The second video processing unit 23 outputs, on the basis of the first video signal 32 and the second video signal 33, a video to be displayed. As with the first video processing unit 13, the second video processing unit 23 includes one or more processors. The second video processing unit 23 corresponds to a first processor.

The second video processing unit 23 sequentially obtains images of frames included in the first video signal 32 and the second video signal 33. The amount of data of the first video signal 32 is smaller than that of the second video signal 33. When the first video signal 32 is an analog video signal, the third wireless communication unit 22a does not perform data correction for noise, error correction for errors, or the like on the first video signal 32. For this reason, the quality of the first video signal 32 is low, but delays are short.
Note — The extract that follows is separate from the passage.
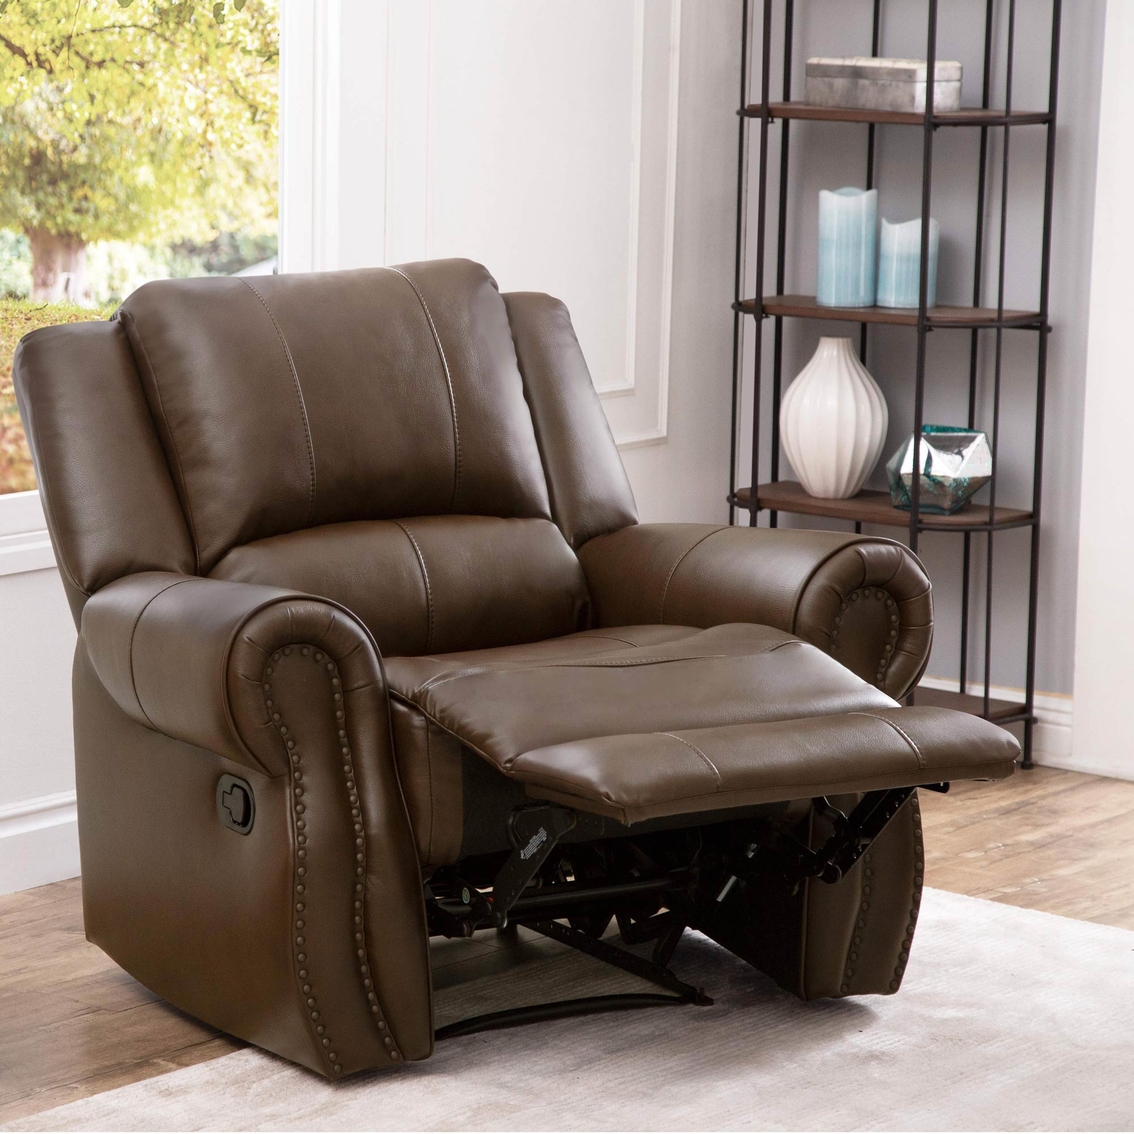 Abbyson Living Calabasas Leather Reclining, 3 pc. Set - Image 4 of 9

The second video signal 33, on the other hand, causes delays longer than in the case of the first video signal 32 because of a larger amount of data for higher resolution, the compression and the decompression, the error processing and retransmission of data, and/or the like. The second video processing unit 23 can also perform various types of digital arithmetic processing on the second video signal 33. The various types of digital processing, however, can cause even longer delays. The first video signal 32, on the other hand, is received in more real-time than the second video processing unit 23. That is, the first video signal 32 has higher real-time performance than the second video signal 33. The second video signal 33 also causes variation in delay time due to internal processing of the second wireless communication unit 14b and the fourth wireless communication unit 22b, retransmission accompanying occurrence of errors in wireless transfer, and the like.
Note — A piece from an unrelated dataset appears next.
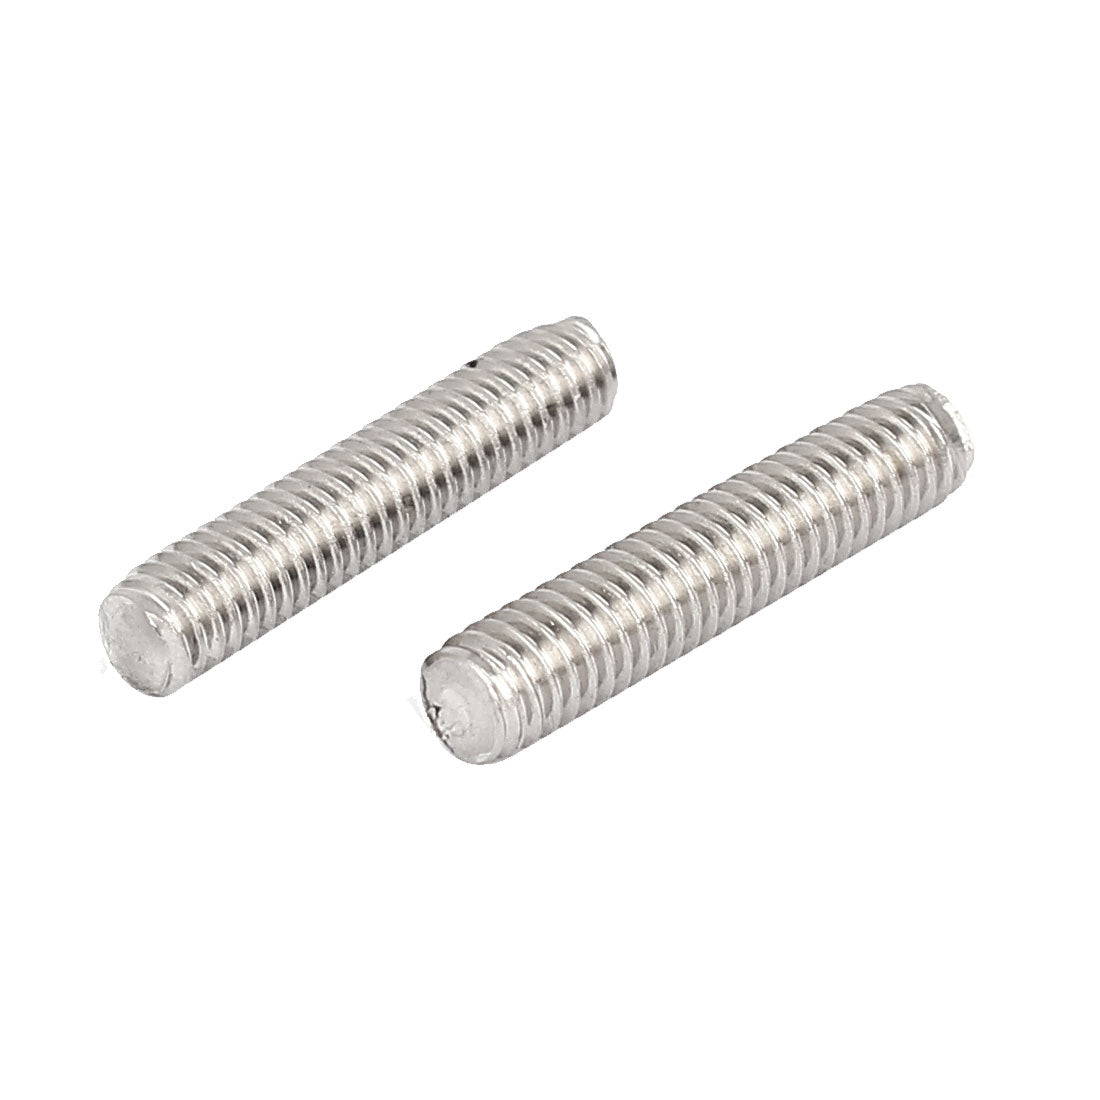 uxcell Uxcell M4 x 20mm 304 Stainless Steel Fully Threaded Rod Bar Studs Silver Tone 50 Pcs

Delay time of the first video signal 32 and the second video signal 33 will be described with reference to FIG. 6. FIG. 6 illustrates time taken for an image of each of frames included in the first video signal 32 and the second video signal 33 captured at a certain time t0 be received by the second video processing unit 23. Delay time α is time taken for the second video processing unit 23 to obtain an image included in the first video signal 32 through the first reception unit after the image is captured. Delay time β is time taken for the second video processing unit 23 to obtain an image included in the second video signal 33 through the second reception unit after the image is captured. The delay time α is shorter than the delay time β. It is assumed, for example, that the delay time β is twice or more as long as the delay time α. The delay time β is longer than a period of time between adjacent frames of the second video signal 33.

When a present time is referred to as a present time t0, the second video processing unit 23 receives an image of a first video captured at a first time t1 the delay time α ago. The first image 34 is an image, captured at the first time t1, of one frame included in the first video signal 32. The second video processing unit 23 receives an image of a second video captured at a second time t2 the delay time β ago. The second image 35 is an image, captured at the second time t2, of one frame included in the second video signal 33. The first image 34 and the second image 35 need not be images received by the second video processing unit 23 at the present time t0. The first image 34 and the second image 35 may be, among images of frames of the first image and the second image, respectively, last images obtained by the second video processing unit 23 as of the present time t0.

The second video processing unit 23 may sequentially store, in the storage unit 26, a first image 34 and a second image 35 obtained at each point in time. The second video processing unit 23 can sequentially perform processing using the first images 34 and the second images 35 stored in the storage unit 26.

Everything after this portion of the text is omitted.